The imagined enemy in these competitive wars is usually the Japanese. Their GNP is still only third largest in the world, but it is growing much faster than those of the U.S. and the Soviet Union. And in certain symbolic things Japan has already become No. 1. In 1980 six of the world's ten biggest banks were American; today eight are Japanese and only one American. In that same decade, the Tokyo stock market passed the New York Stock Exchange in total value. Average Japanese per capita income climbed past the U.S. figure. And then the Japanese bought control of Rockefeller Center, Columbia Pictures Entertainment and much of Waikiki Beach.

Such things fill some Americans with a resentful sense that the Japanese are taking over the country, if not the world.
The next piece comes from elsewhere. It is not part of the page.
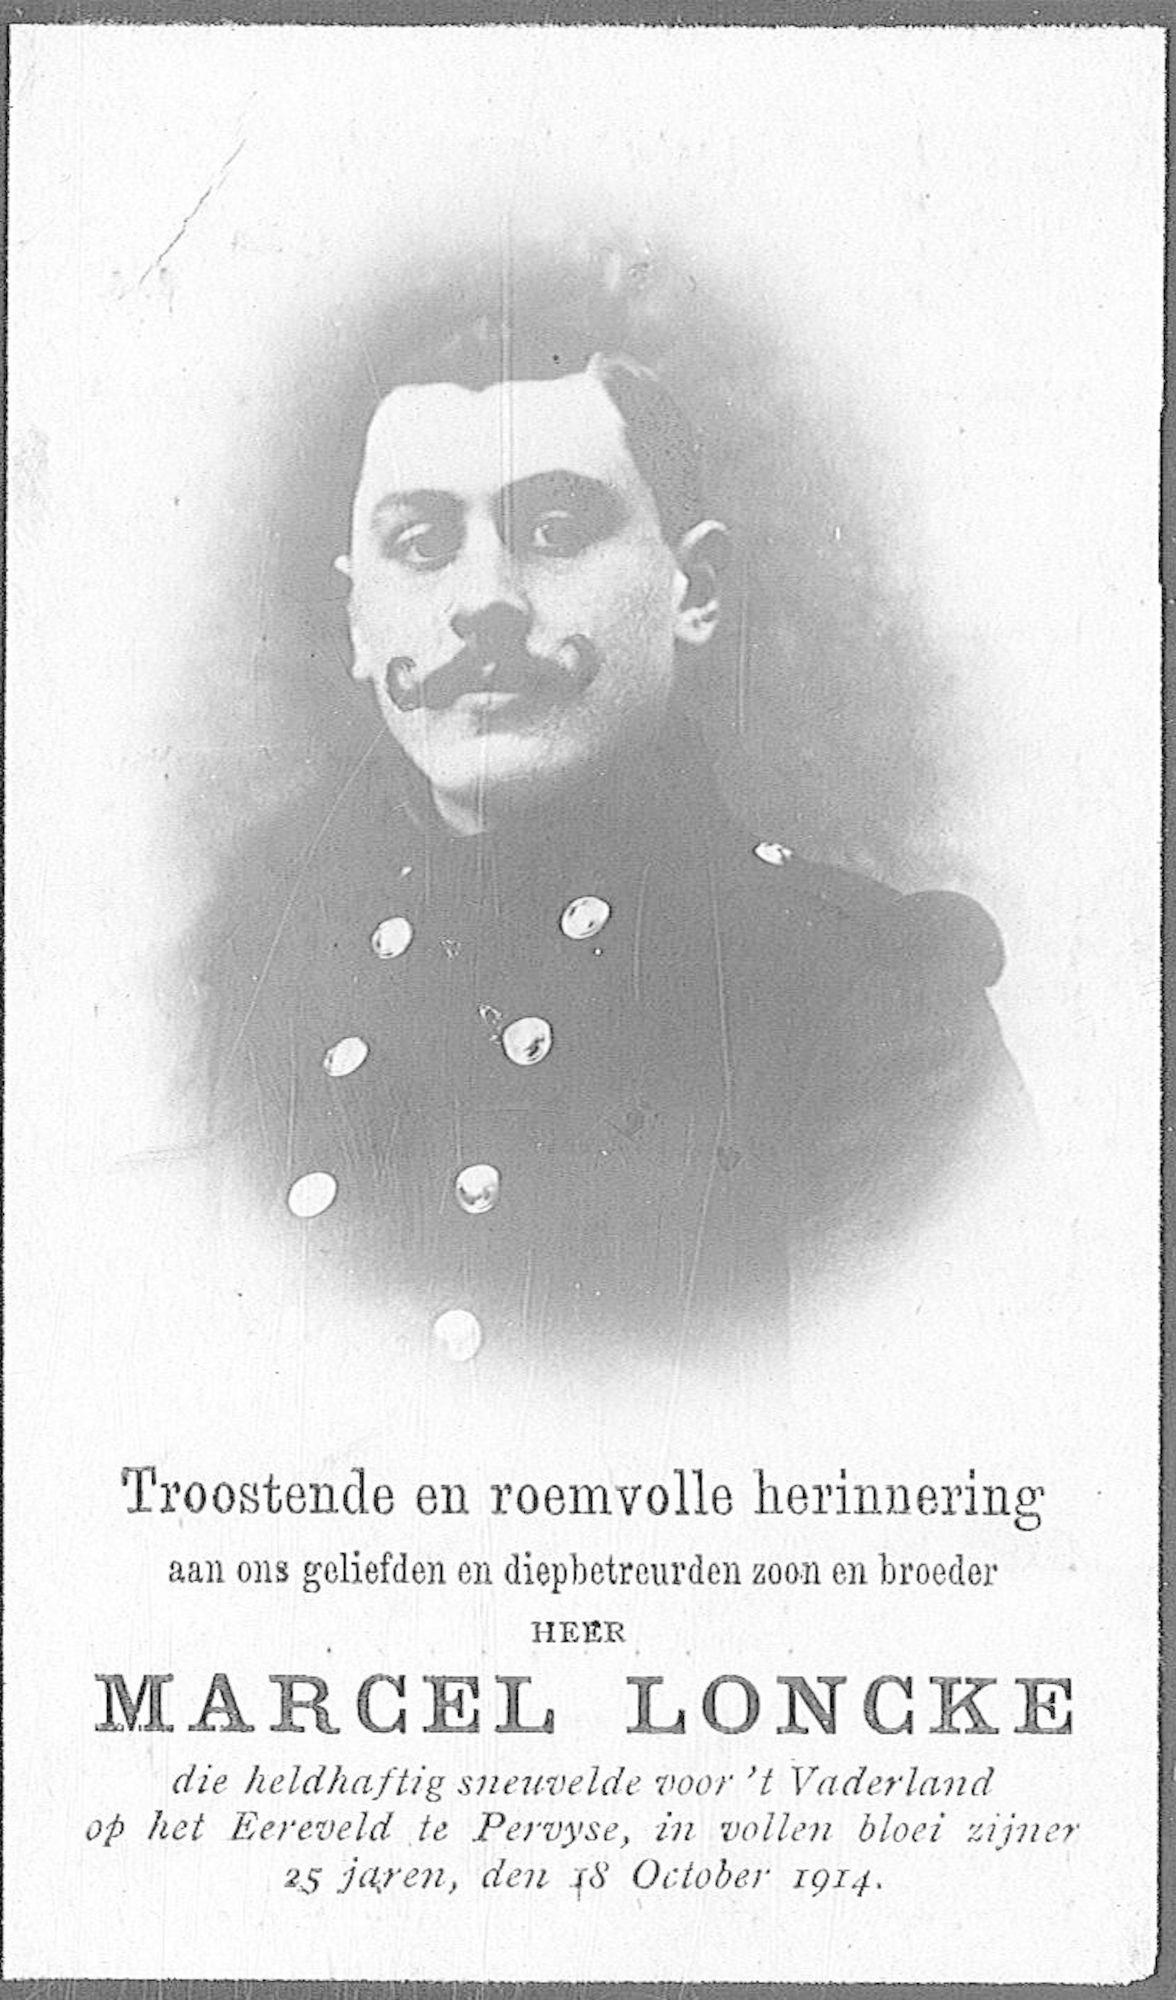 Marcel Loncke

But far bigger investments in the U.S. are those of the Europeans, who now face a gigantic opportunity in the collapse of East European communism. In theory, the European Community is supposed to complete its basic economic merger in 1992, when it will have free movement of capital, open borders, no trade barriers among the member nations and a common tariff on outside goods. Some now see difficulties in the new possibility of German reunification and an economic opening to the East. Leaders of the European Community are convinced, however, that the answer to that possibility is not to delay the Western merger but to speed it up. "Time is short," European Commission President Jacques Delors declared in an address at the College of Europe in Bruges. "History is accelerating, and we must accelerate as well."

That may provide some of the best news of the 1990s. As for the bad news, remember Chicken Little.